- Elections for 37 Rajya Sabha seats, including five in Bihar, are set for March 16
- Bihar's NDA can easily win four seats; the fifth requires opposition support
- AIMIM decided to field its own candidate, complicating opposition unity in Bihar
Elections to fill 37 Rajya Sabha seats across 10 states are scheduled for March 16, with five seats in Bihar set to become vacant following the retirement of incumbent members.
Bihar has 16 seats in the upper house of Parliament. The retiring members are Harivansh Narayan Singh and Ram Nath Thakur of the Janata Dal (United), Prem Chand Gupta and Amarendra Dhari Singh of the Rashtriya Janata Dal, and Upendra Kushwaha of the Rashtriya Lok Morcha.

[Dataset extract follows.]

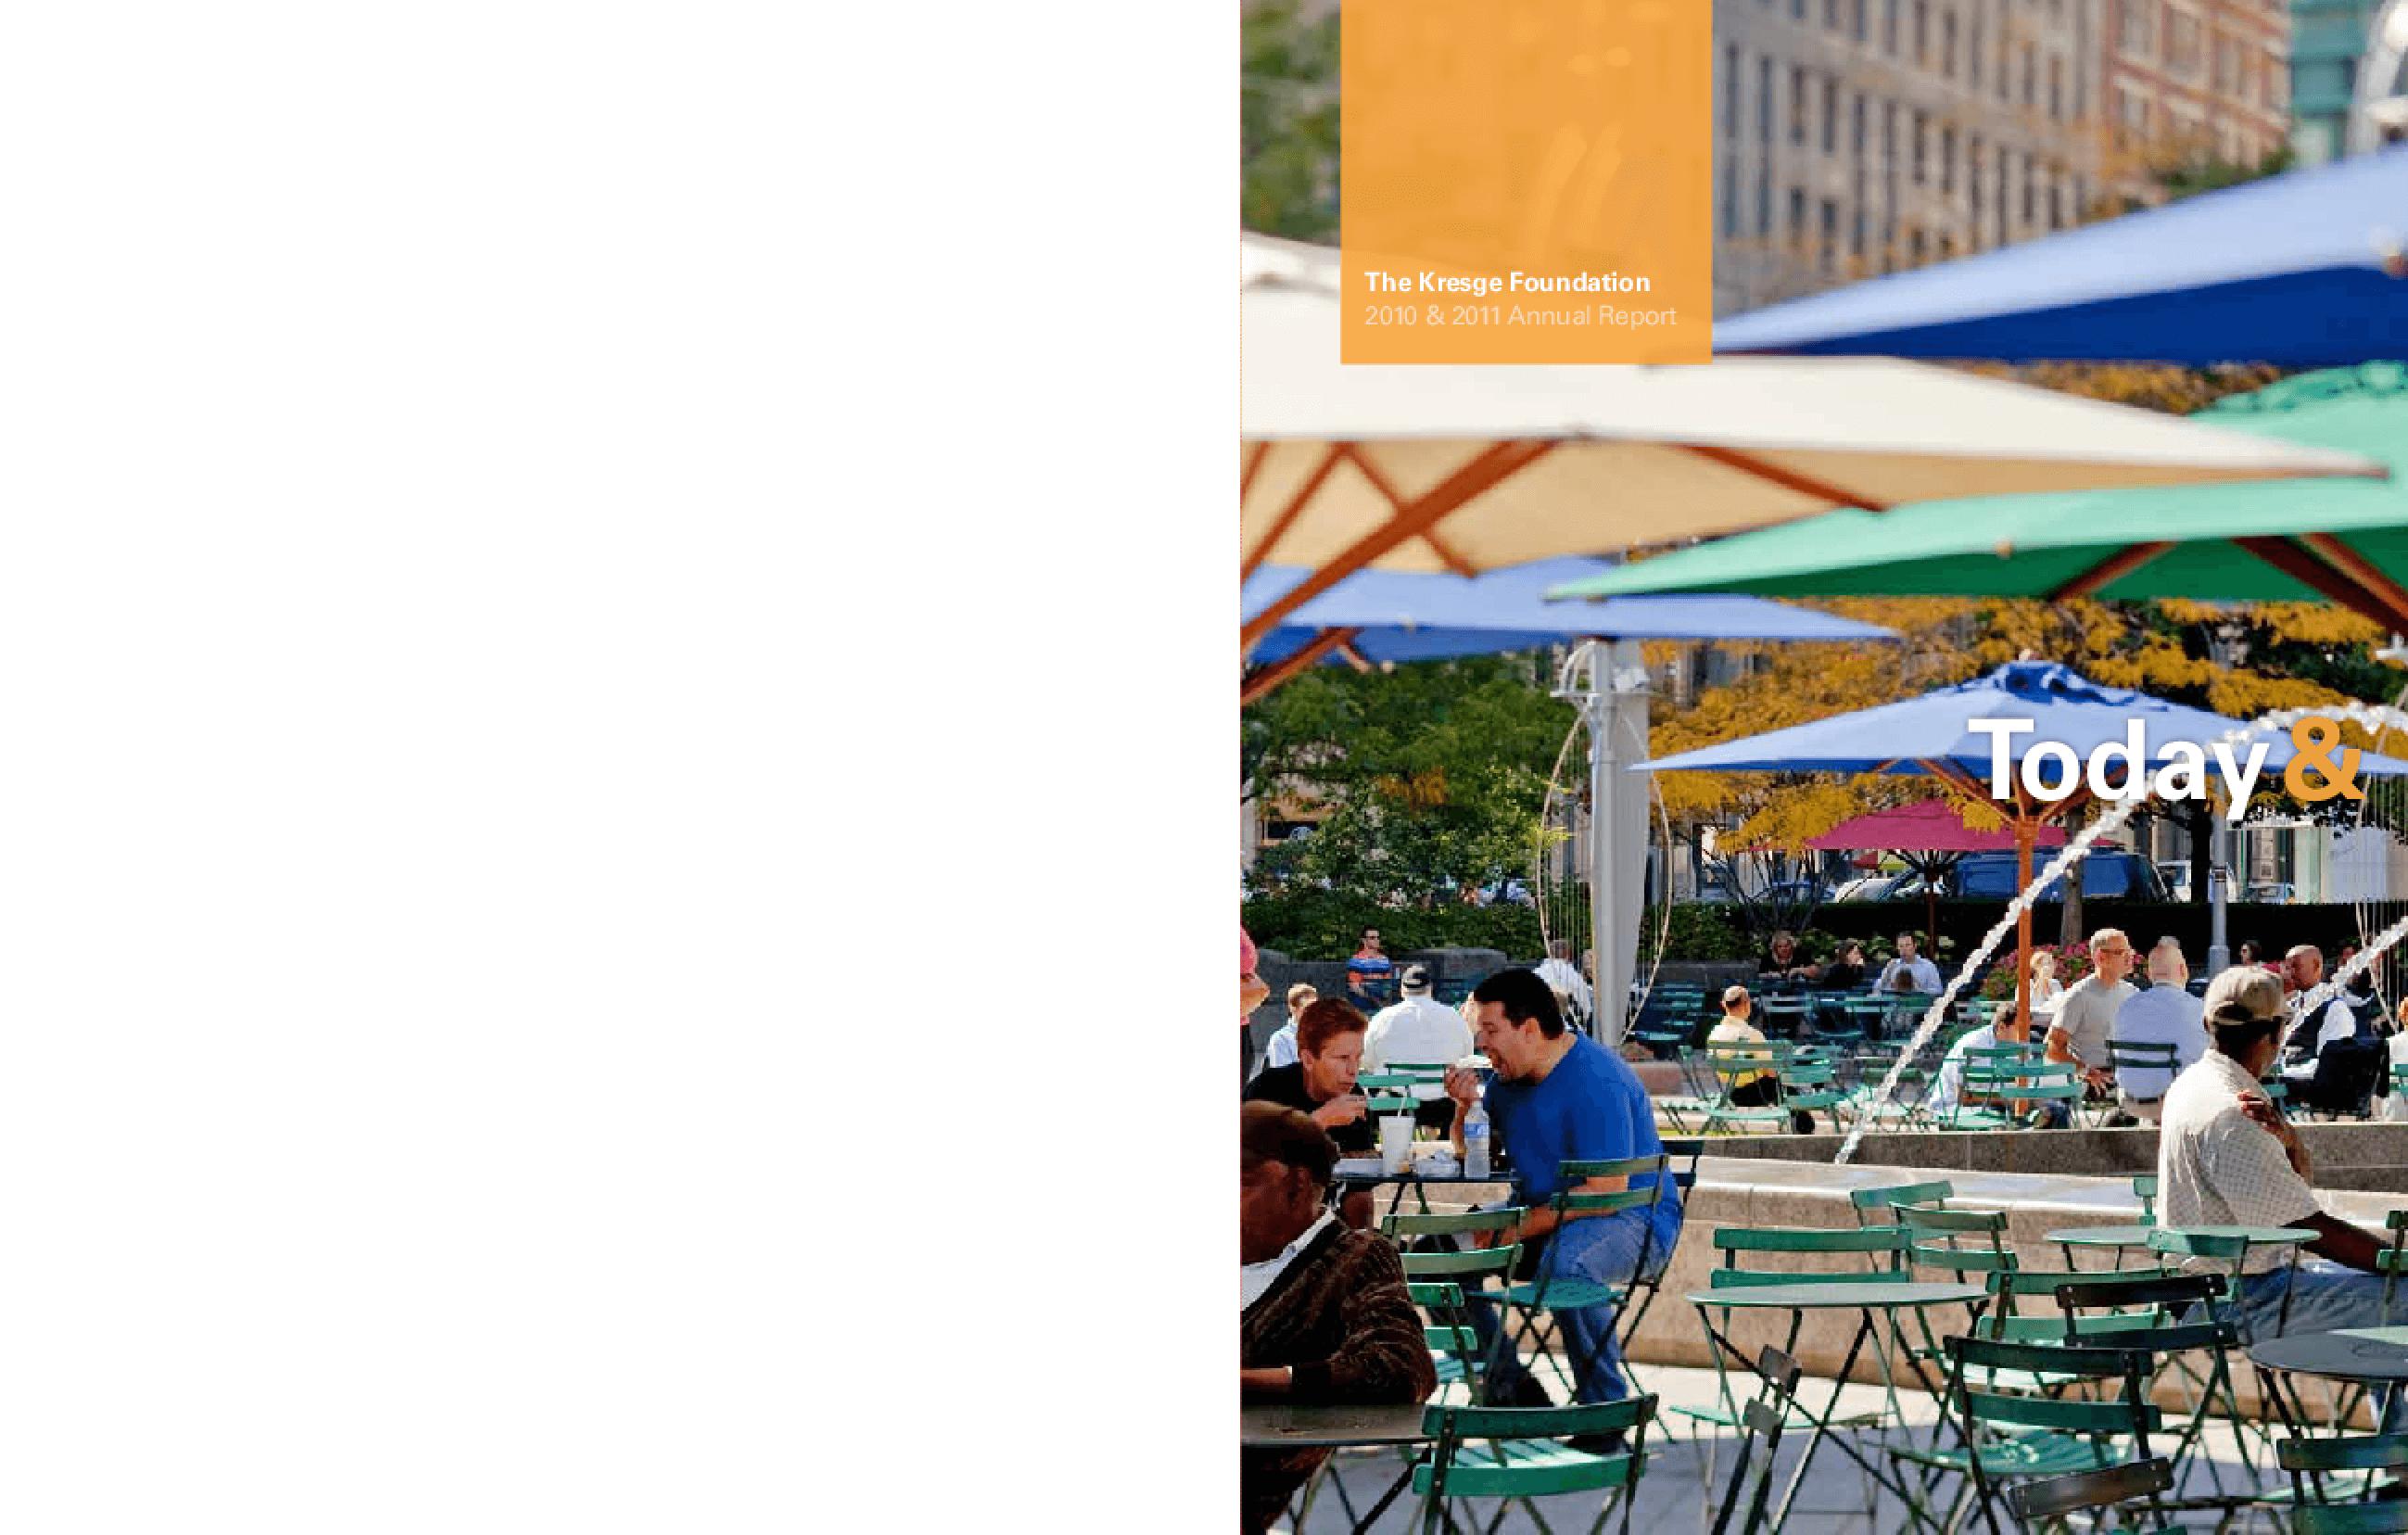 Kresge Foundation 2010-2011 Annual Report

On current assembly numbers, the ruling National Democratic Alliance (NDA) has sufficient strength to win four of the five seats without difficulty. The opposition Grand Alliance, which comprises the RJD, Congress, and three Left parties, has 35 MLAs: 25 from the RJD, six from Congress, two from the CPI(ML) Liberation, and one each from the CPI and the Indian Inclusive Party (IIP).
A single Rajya Sabha seat in Bihar requires 41 first-preference votes for election. If the five MLAs of the All India Majlis-e-Ittehadul Muslimeen (AIMIM) and the one BSP MLA were to support a Grand Alliance candidate, the opposition would reach exactly 41 votes and could secure the fifth seat.

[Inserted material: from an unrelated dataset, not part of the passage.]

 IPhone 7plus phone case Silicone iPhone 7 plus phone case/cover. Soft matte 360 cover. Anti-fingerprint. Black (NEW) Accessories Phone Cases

However, the AIMIM has now decided to field its own candidate for the Rajya Sabha elections. The party's Bihar president, Akhtarul Iman, has announced that the AIMIM will contest and has called on other opposition parties, including the RJD, to extend support.
The move is widely seen as a response to the breakdown in relations between the AIMIM and the RJD during the 2020 Bihar assembly elections. At that time, AIMIM representatives visited the residence of RJD leader Lalu Prasad Yadav to request an alliance, but the offer was rejected.
The subsequent campaign saw sharp exchanges between the two parties. The AIMIM eventually won five assembly seats, while the RJD secured 25. Sources within the RJD indicate that the party had been considering nominating its sitting Rajya Sabha member Amarendra Dhari Singh as a candidate for one of the seats.
Singh is a prominent trader in chemicals and fertilisers with substantial business interests in Hyderabad. It had been hoped that his Hyderabad connections might help secure AIMIM support. The AIMIM's decision to field its own candidate appears to have pre-empted that strategy.
RJD leaders say they remain hopeful that discussions with the AIMIM and other opposition groups can resolve the issue and preserve unity. They insist that an opposition candidate will still be put forward.
The NDA has the votes to elect four candidates comfortably: two from the BJP and two from the JD(U). Lok Janshakti Party (Ram Vilas) leader Chirag Paswan has already stated that his party is not seeking a Rajya Sabha berth.
If the NDA chooses to contest the fifth seat, it would need three additional votes beyond its current surplus, which would require cross-voting by opposition MLAs. No such cross-voting has taken place in Bihar Rajya Sabha elections during Nitish Kumar's tenure as Chief Minister.
The coming weeks will therefore determine whether the opposition can maintain sufficient cohesion to return one member, or whether the NDA will attempt to claim all five seats. The contest in Bihar is now likely to be the most closely watched of the forthcoming Rajya Sabha polls.